They crashed right through the window and charged after my sister. Yes, my old, pathetic, wimpy, sister, who stood in the middle of the room, frozen. I pushed her to the side and slashed one of them with my sword cutting that wolf in half. Then I went towards the others and frantically tried to save my sister, trying to kill all thirteen of the nasty Yurshiba. The Yurshiba—those weird average dog sized animals with spiked tails, faces without eyes, and colorful wings that shoot poison intentionally. And if you touch their wings ever so slightly, it’s like a black mamba’s bite only ten times more painful and an even slower death! Then I realized they do not die! That the one I cut in half just collected it’s self together!
I grabbed my sister, put her on my back, ran out the window, and jumped off the roof as she was yelling at me, “You idiot! You should of stayed home! You shouldn’t have done something like that! You could have been killed!” I rolled my eyes. As I jumped the ditch, I dropped her. I grabbed her arm roughly and looked her in the eyes.
“Idiot? I scoffed, “you were the one who looked like an idiot standing there frozen, mouth wide open. What were you expecting? Some cute boy to save you? For sure they would have killed you.” I rolled my shoulders and stretched. I ran down the stream looking for dinner.
“Fletcher!” my sister shouted. I always hated that my name sounds like a boy name. Fletcher.

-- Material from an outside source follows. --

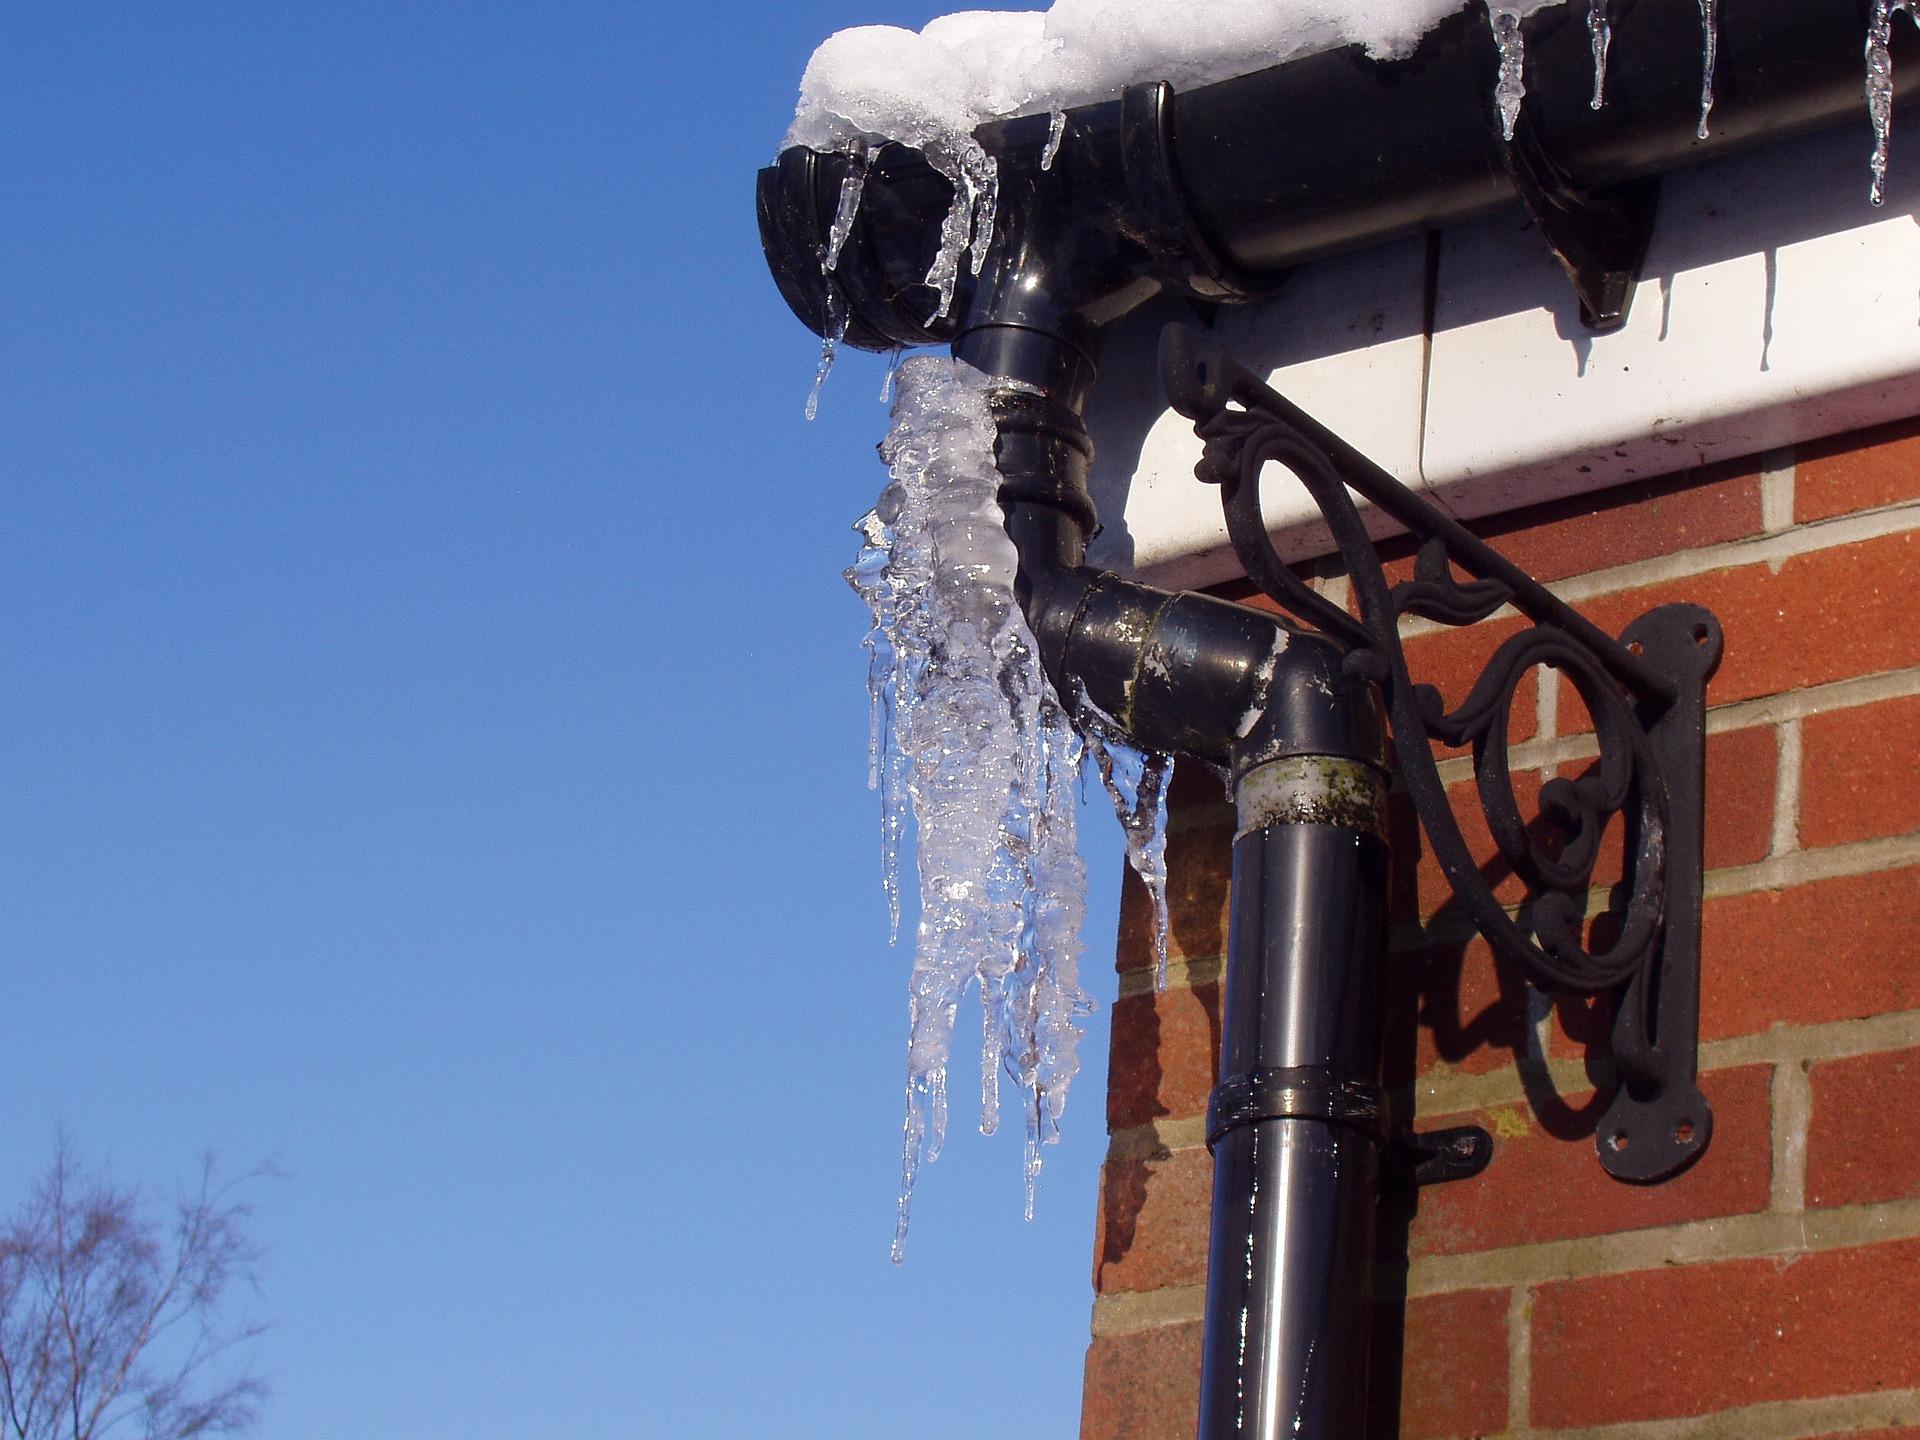 hielo nieve carambanos invierno desagüe tejado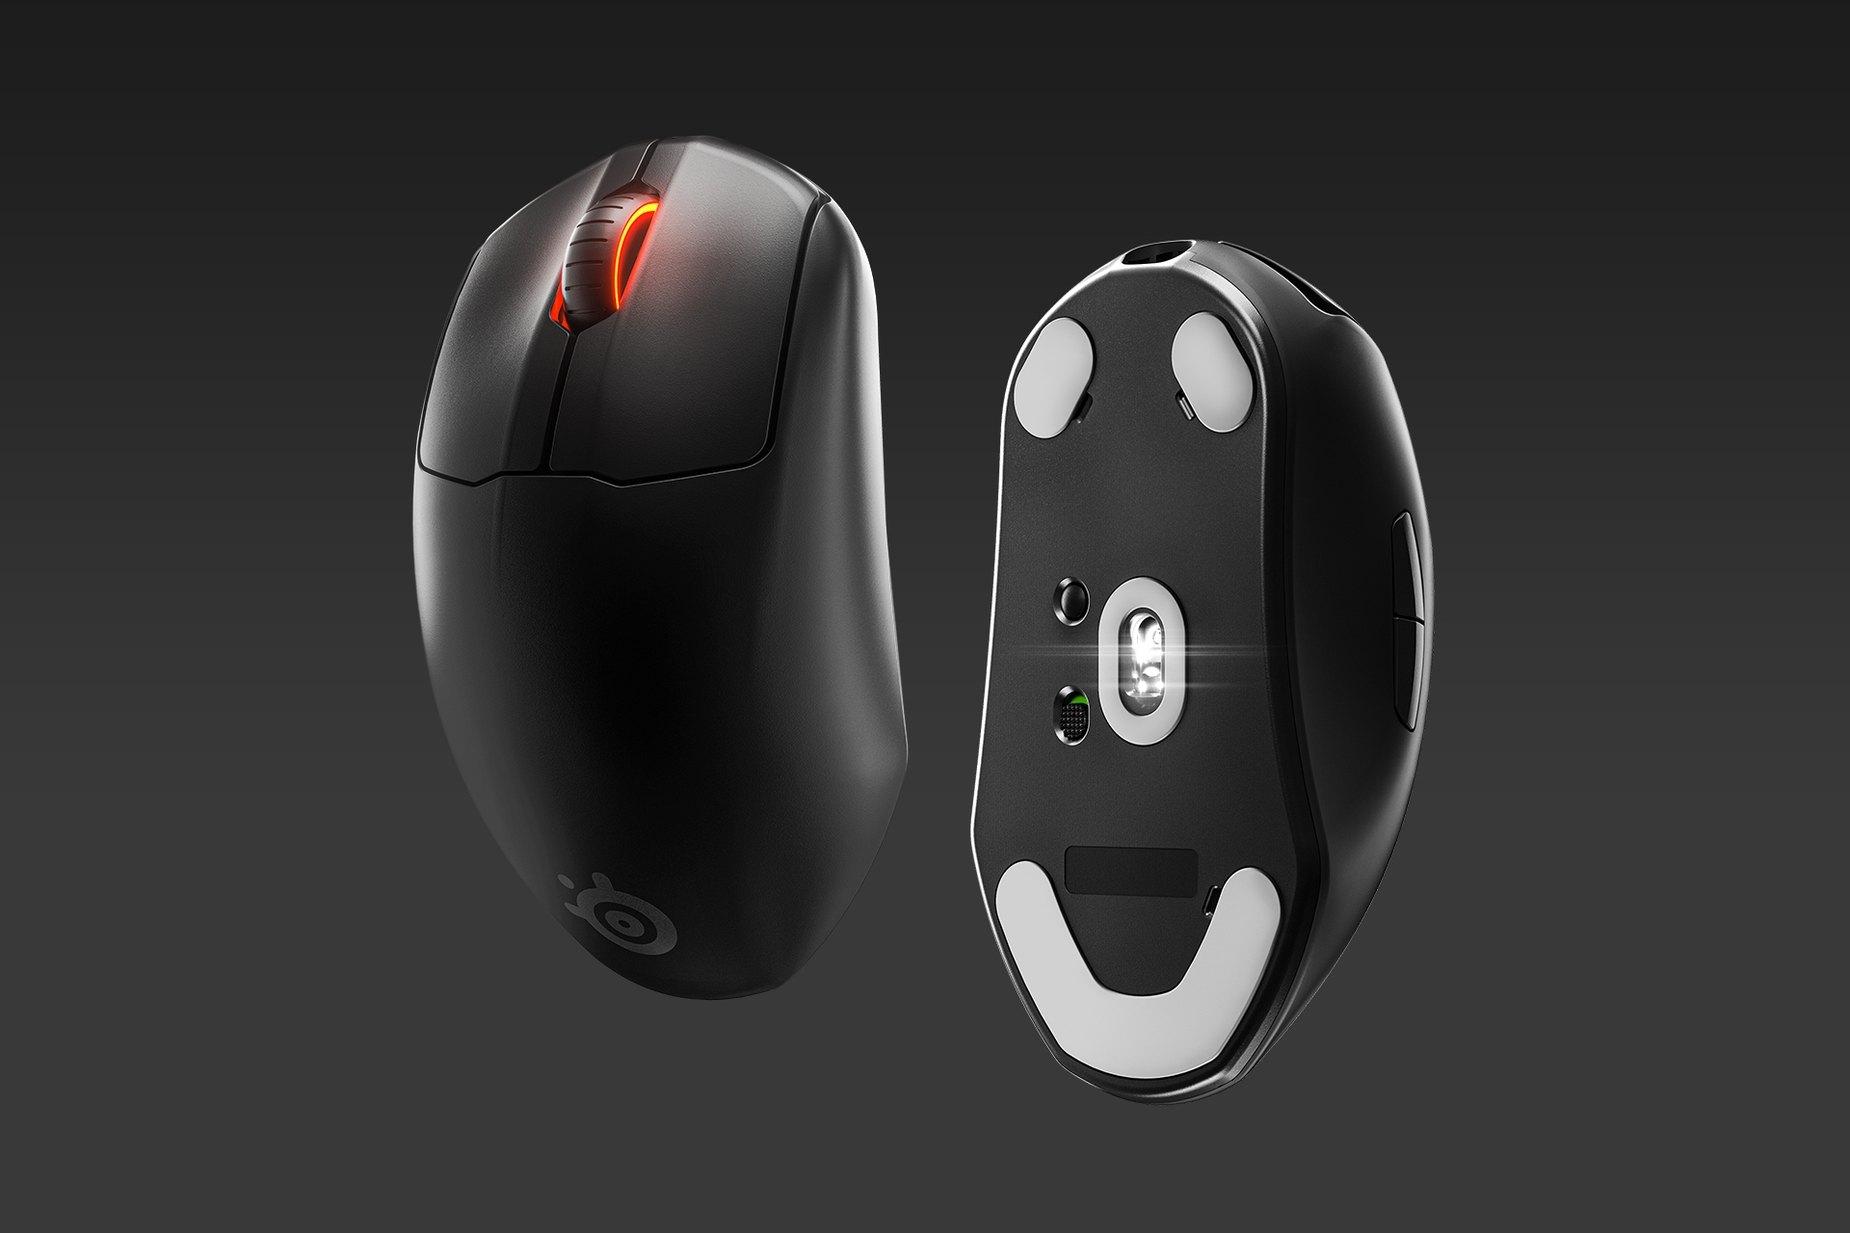 兩支 Prime 無線滑鼠:一支展示掌托,另一支展示感應器。

“Fletcher, don’t run from me!” she ran to catch up with me, and tried to grab me but I yanked away from her weak hands. Those foolish pale hands that trembled with fear.
“I’m not running. I’m getting dinner.” I said in my casual voice. She looked disgusted.
“Dinner? Just because you’ve been through this before doesn’t mean we can just be all casual about it. We should talk about this.”
“What’s there to talk about, eh?” I raised one shoulder and made a I-don’t-know signal.
“Why do you take the most serious situations so silly?” She said trying to act superior when she’s the weakest person I know.
Affirmative, we’ve been through this before. Her and her ‘discussion’ thing had gotten old on me a long time ago. Why should we talk of lies? She never wants to face the truth.

This all started five years ago, I was ten. Dad died and his death continues to be a mystery to us. I never had a mom, and my sister doesn’t remember much about her. My dad’s the one who taught me all I know about the creatures and how to fight. The morning he died they started coming; these creatures I though never existed. I always wondered why he taught me that stuff. Then that day, I suddenly knew. Since then I’ve been fighting to stay alive. My sister, Aneata, doesn’t know a thing since she never took interest in Dad’s training sessions. She’s that typical valley girl so she depends on me. She always lied about how strong and how much better she was, pish! But it’s all a lie!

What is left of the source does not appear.